# Silicone sleeves



## Jakey (12/3/15)

Anybody know where i could find silicone sleeves for my incoming Sig150, any colour other than the standard black it comes with. Also a sleeve for iStick 50w

Reactions: Winner 1


----------



## huffnpuff (14/3/15)

krick-krick. krick-krick . Nothing local for both. There are some other colours available for the 100/150, but the iS50 case is still in the works, but it is coming.

Reactions: Like 1


----------



## Jakey (14/3/15)

Haha the silence on this post was getting too noisy for me to handle. Any chance that you know where to order one for the sig?


----------



## Riddle (14/3/15)

I'm also looking for 1 for the 100W. Maybe we can find a place and do a group buy?

Reactions: Agree 1


----------



## huffnpuff (14/3/15)

There's no reason our local suppliers can't get them as they're made by Sigelei:
http://www.sigelei.com/category.php?id=105

Else,

http://papajoesvb.com/sigelei-100-watt-digital-box-mod-150-plus-case-silicone-gel.html
https://www.elementvape.com/silicone-cover-for-sigelei-100-100w-plus-150w-watt-box-mod?enter=true
http://www.amazon.com/Sigelei-Silicone-Protective-Cover-Black/dp/B00RCJJWYM

Weird Colours

Reactions: Like 1


----------



## Yiannaki (14/3/15)

I would love a pink sleeve for my 100w

Reactions: Funny 2


----------



## Jakey (14/3/15)

Group buy lets do it.
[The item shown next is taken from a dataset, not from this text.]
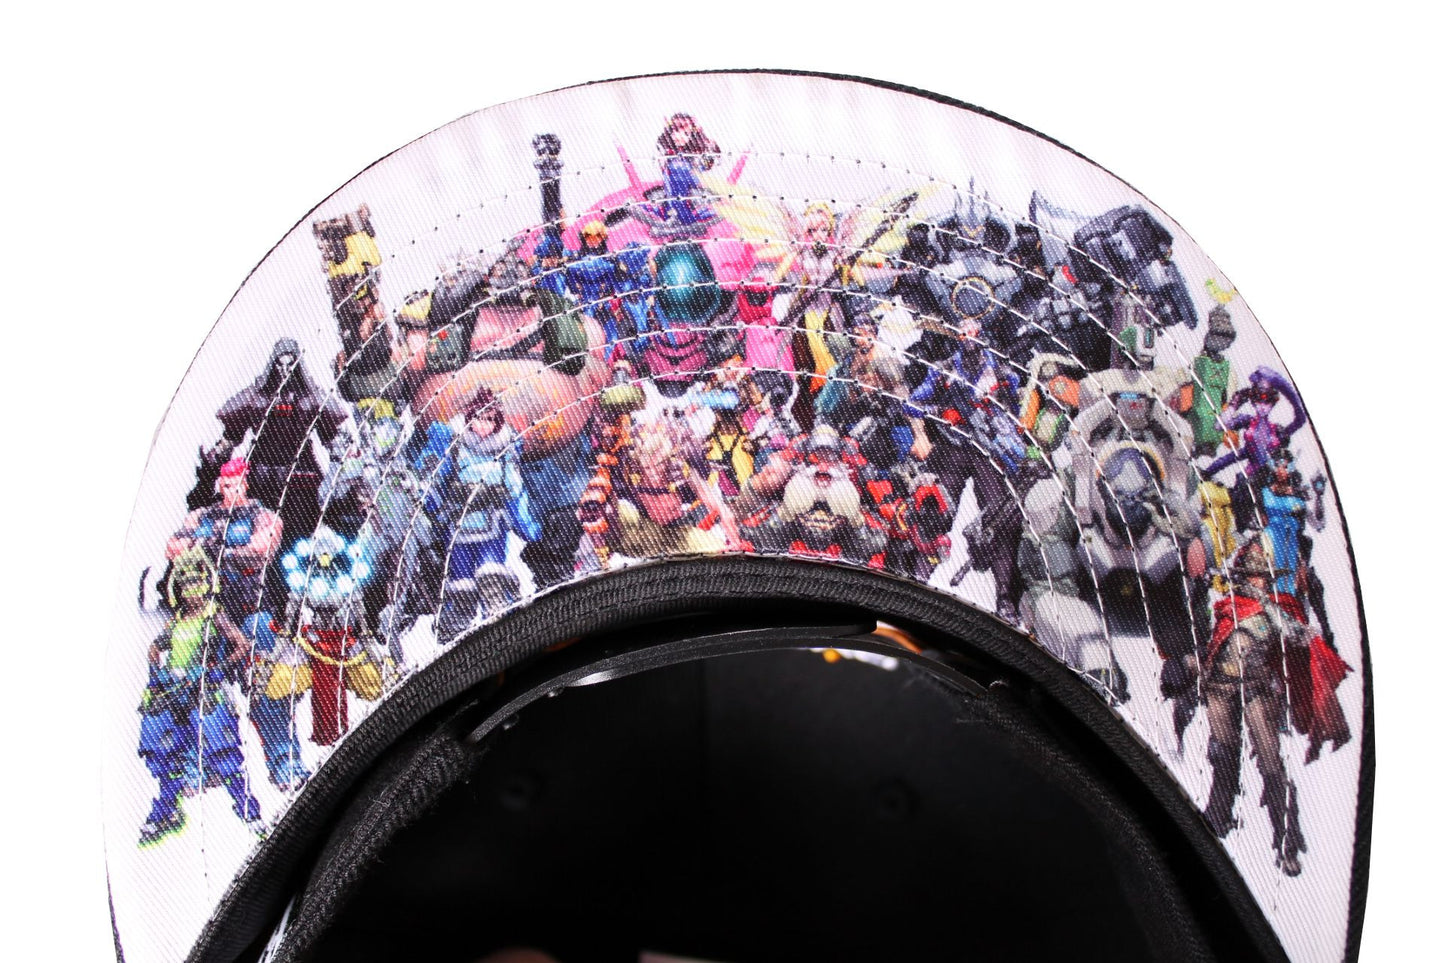 Overwatch Cap - OW Heroes Hat

Il mess it up if I facilitate though


----------



## Riddle (14/3/15)

Anyone else interested in a group buy?


----------



## TylerD (14/3/15)

Red 150 Sig for me please?

Reactions: Like 1


----------



## Jakey (14/3/15)

Ooooooh its pickin up, whose willing to run with this?


----------



## capetocuba (14/3/15)

have a look here ...

http://www.ebay.co.uk/sch/i.html?_from=R40&ghostText=&_sacat=0&_nkw=SIGELEI+150+SKIN&LH_PrefLoc=2&_arm=1&_armm=63&_ruu=http://www.ebay.co.uk/sch/i.html?_from=R40&ghostText=&_sacat=0&_nkw=SIGELEI+150+SKIN&_arr=1

And here

http://www.ebay.co.uk/itm/Authentic...t=LH_DefaultDomain_0&var=&hash=item3cf11d8eac


----------



## Matt (14/3/15)

I want a blue one if you going to order


----------



## Dr Phil (14/3/15)

Red one for 150w


----------



## Jakey (15/3/15)

Haha guys are already placing orders but no1 stepping up to facilitate the buy yet


----------